The government seems to think the onus is on us, not them, to solve this crisis. In classic Tory style, the ills of society must be the result of individual character flaws; a collapse in moral values in our society, and nothing to do with them. Mr Clarke-Smith embodied this when he asked, ‘where is the slick PR campaign encouraging absent parents to take some responsibility for their children?’

It isn’t the economic forces out of individuals’ control, or the low wages and insecure work, or the higher rents; nor is it the fact that more and more people are being born into poor areas and poor families, with underfunded public services and worsening opportunities that has led to more children going hungry. No. It’s actually all down to ‘budgeting’ and a lack of responsibility on the parents’ behalf. Again, pretty rich coming from politicians who are themselves avoiding responsibility for their role in all this.

This is a classic diversion technique; challenge the character of poor people. And Mr Clarke-Smith certainly isn’t alone in this. Ben Bradley, the Conservative MP for Mansfield, took this idea to the extreme on Twitter in a now-deleted tweet, where he stated that free school meal vouchers were being spent in ‘crack dens’ and ‘brothels’ as a way to delegitimise them.

I for one would love to see Mr Bradley try to buy drugs with school meal vouchers and see how he gets on.

There is of course something in all of us that doesn’t want to be cynical. We want to believe that when politicians make decisions we don’t agree with that they’re still doing this for our good — that they have the same aims as us, but believe in a different way of achieving them.

In this case however, and particularly in the case of the MPs mentioned earlier, I truly believe this is just pure cruelty and an honest reflection of how the leading party views poor people — as having ‘deserved’ their poverty.

We can all agree that the free school meal vouchers are not a sustainable solution. They are only meant to be an immediate solution to an immediate problem. The long-term solutions of that problem should have been set into motion years ago. The simple, undeniable, and absolutely devastating fact is that without food vouchers thousands and thousands of children will go hungry this half-term.
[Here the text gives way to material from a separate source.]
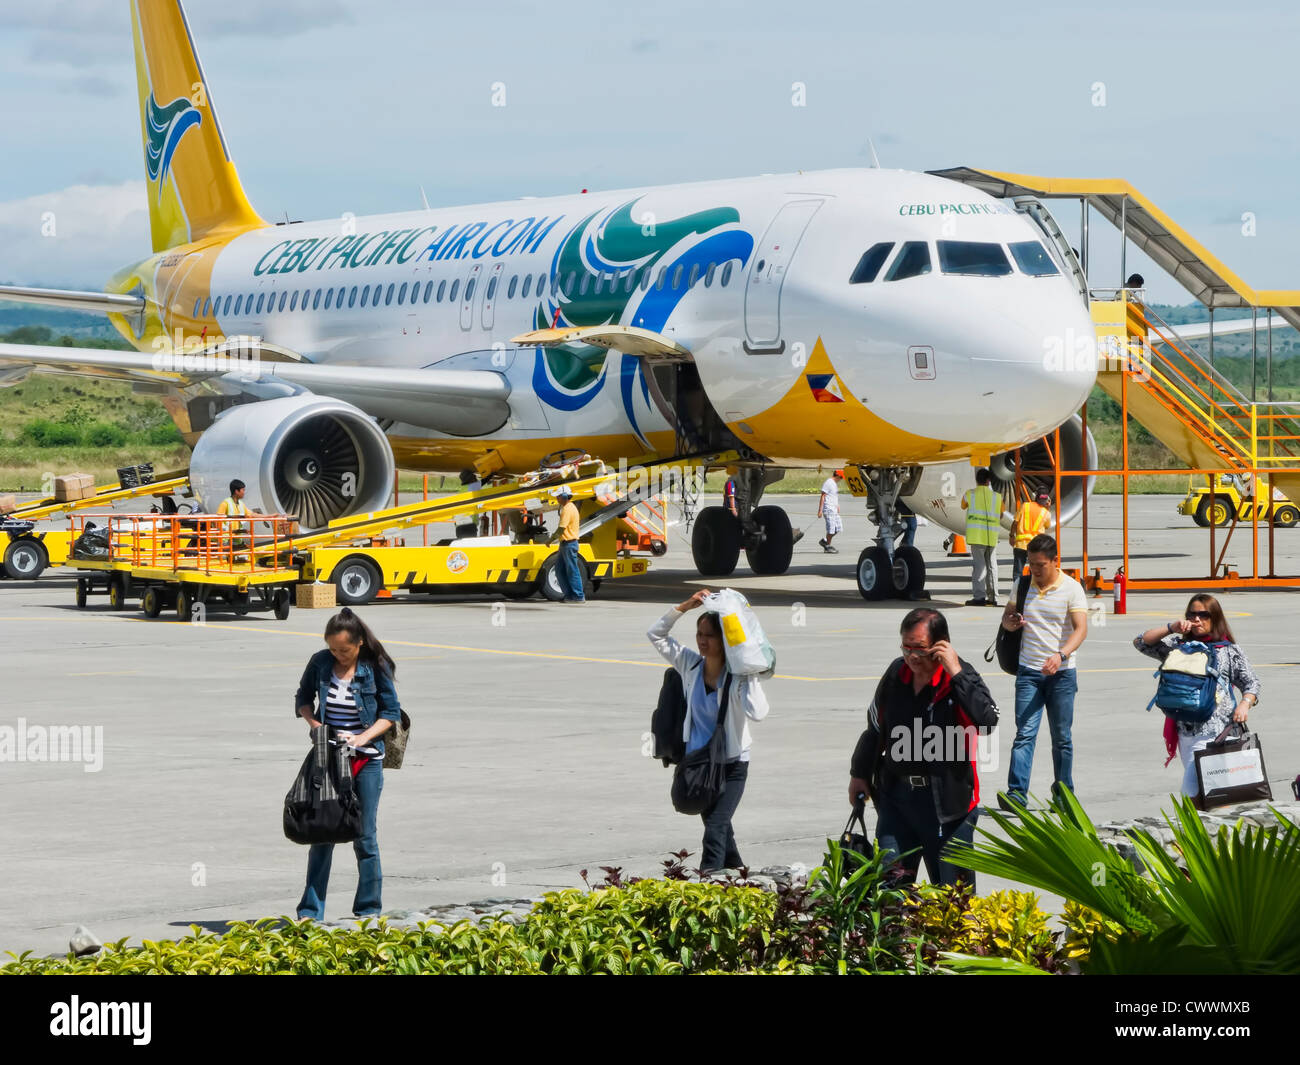 Gensan, Philippines - April 2, 2011: Travelers alight Cebu Pacific Air after landing in Gensan on a very hot day, while airport Stock Photo

Or if they don’t go hungry, they’ll go cold when their parents will be forced into a choice between feeding them or paying for the heating.

To know that what you’re currently advocating will mean hundreds of children go hungry, and to do nothing about that when the cost of helping would be relatively small, is gross neglect at best and pure evil at worst. 
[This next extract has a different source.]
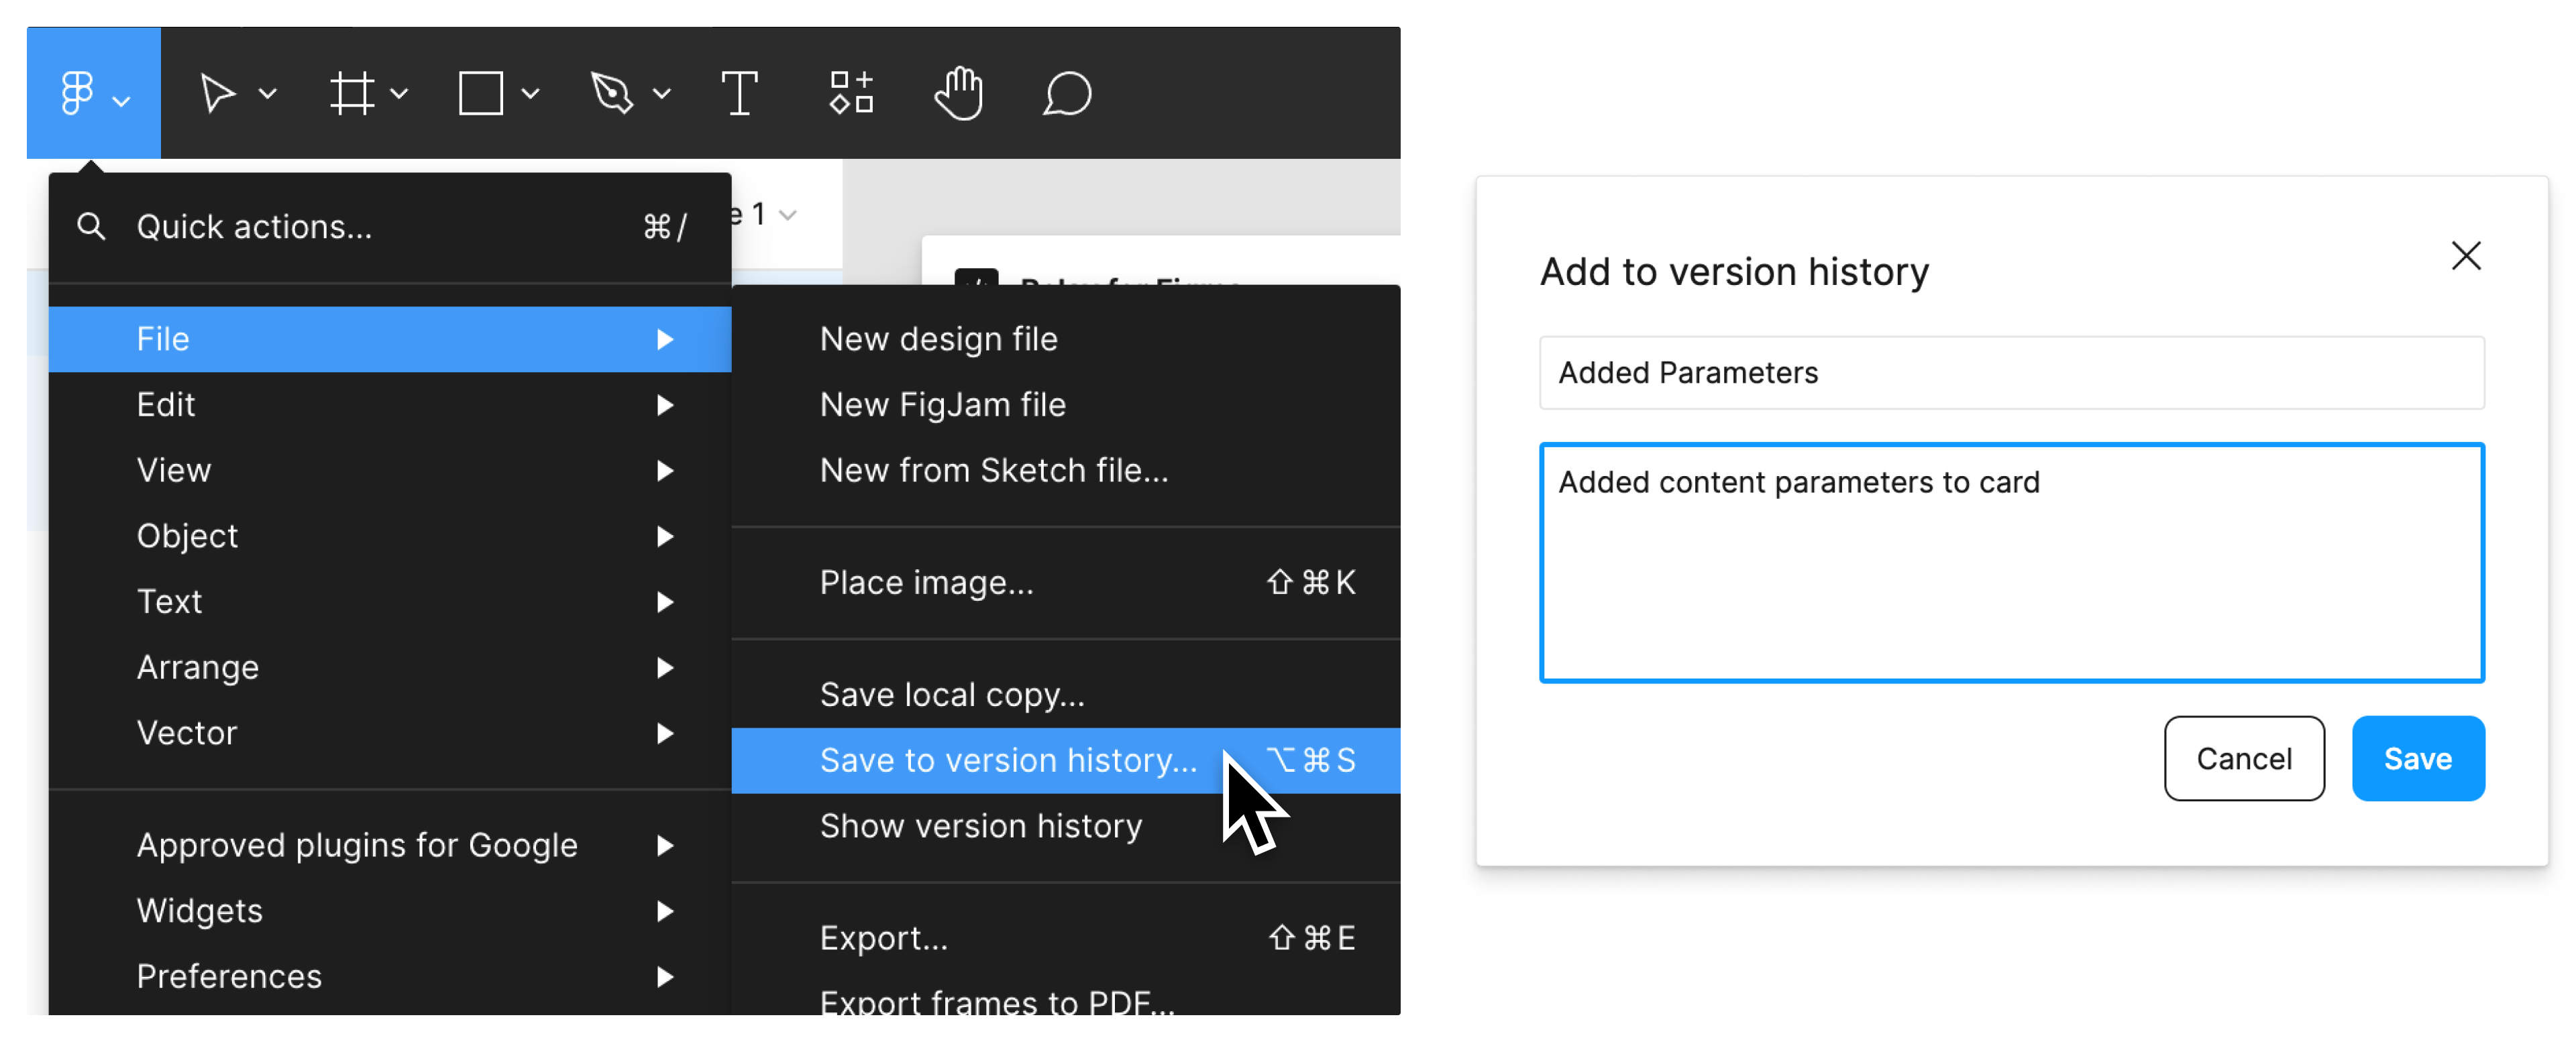 Save to version history option in the menu

Feeding the children of this country isn’t about handouts or state generosity. It’s about investing in society. The child who is fed well will be the child who is far more likely to reach their full potential and break out of the cycle of poverty. This child, will also eventually give back to society. The government’s decision has let down a whole generation of kids, and it will have ramifications for decades to come. Marcus Rashford, the man behind the push to extend the scheme, put it best when he said:

‘a significant number of children are going to bed tonight not only hungry, but feeling like they do not matter because of comments that have been made today’.

This is at the core of the Conservative Party’s nastiness. Not only will they deny hungry kids food, but they will also degrade and insult their parents for the unfortunate circumstances they find themselves in.